In this edited Q&A, we begin a focus that provides updates on how the programs at the Cowen Institute are responding to the COVID crisis. This is an interview with David Collier, the director of Trellis, our hybrid college program.

For those who are unfamiliar, can you describe your program and the services that you provide, as well as the number of individuals that you serve?

Trellis is a hybrid college launched by the Cowen Institute in January 2020 in partnership with Southern New Hampshire University (SNHU). Trellis’ mission is to provide an affordable, supportive, and individualized pathway to a college degree for New Orleanians. Through our hybrid college, students complete online, self-paced, and career-aligned coursework through SNHU while receiving 1:1 intensive support from Trellis staff. Our goal is to dramatically increase college persistence and graduation rates among student populations that historically have not realized post-secondary success. Trellis currently serves 15 students with the goal of enrolling over 60 by the end of 2020.

How has COVID impacted your ability to provide services?

The educational component of Trellis, SNHU’s online AA and BA degree programs, continues without disruption. We shifted all of our 1:1 support, which includes admissions counseling, financial aid application support, college completion advising, and career counseling to virtual platforms in mid-March. While we aren’t meeting with students in person, the level of support hasn’t changed.

Have you had to shut down or dramatically change any aspects of your program due to the quarantine?

We needed to close Trellis’ physical study space, where students could use computers and internet access to complete their SNHU coursework. To compensate we distributed Chromebooks to students who did not have a computer and will be distributing internet hotspots for those with unreliable internet access.

How are you communicating with participants in your program right now?

A core component of the program’s design is each student’s weekly meeting with their College Completion Advisor. Instead of meeting in person, we are meeting via Zoom. We communicate regularly with students via a weekly email update, which is continuing as well.

How often are you reaching out to them?

Keosha Griffiths, Trellis’ College Completion Advisor, is in frequent contact with students in addition to their weekly advisor meeting.

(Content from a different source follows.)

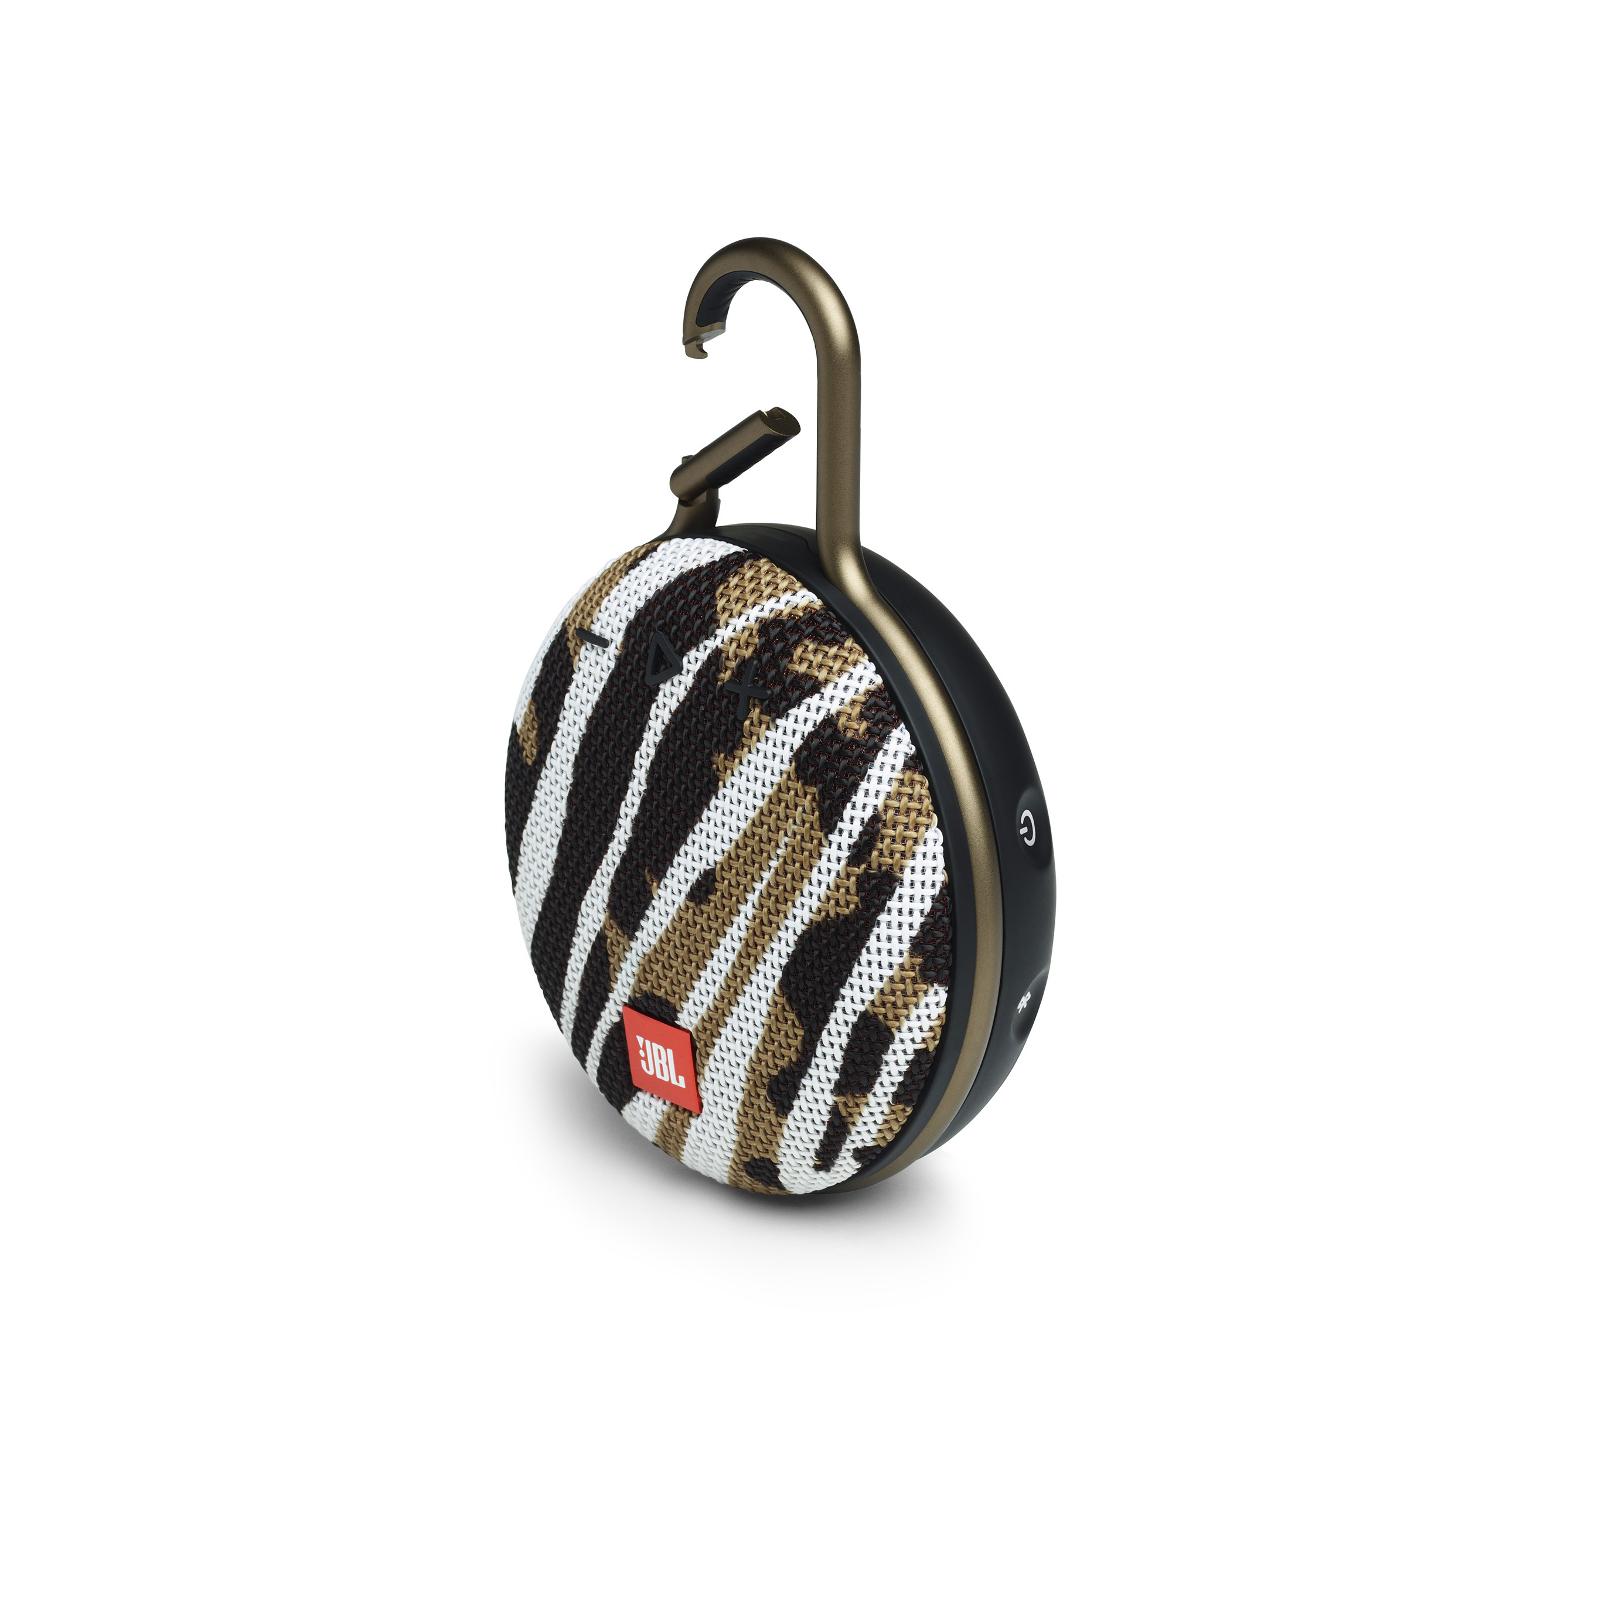 JBL CLIP 3 - BlackWhite/Brown Camo - Portable Bluetooth® speaker - Detailshot 2

She answers questions via text as students have them and usually reaches out at least once per week via text herself.

When you are interacting with the participants in your program, how are they adjusting to the crisis?

The crisis has been disruptive for Trellis students as over half have lost employment. Some students are also staying with friends and/or relatives because they are unable to pay housing costs independently. For Trellis students who are also parents they have had to provide childcare at home as well. Most students have reported that the disruption to previously established routines is most challenging and has impacted their academic progress.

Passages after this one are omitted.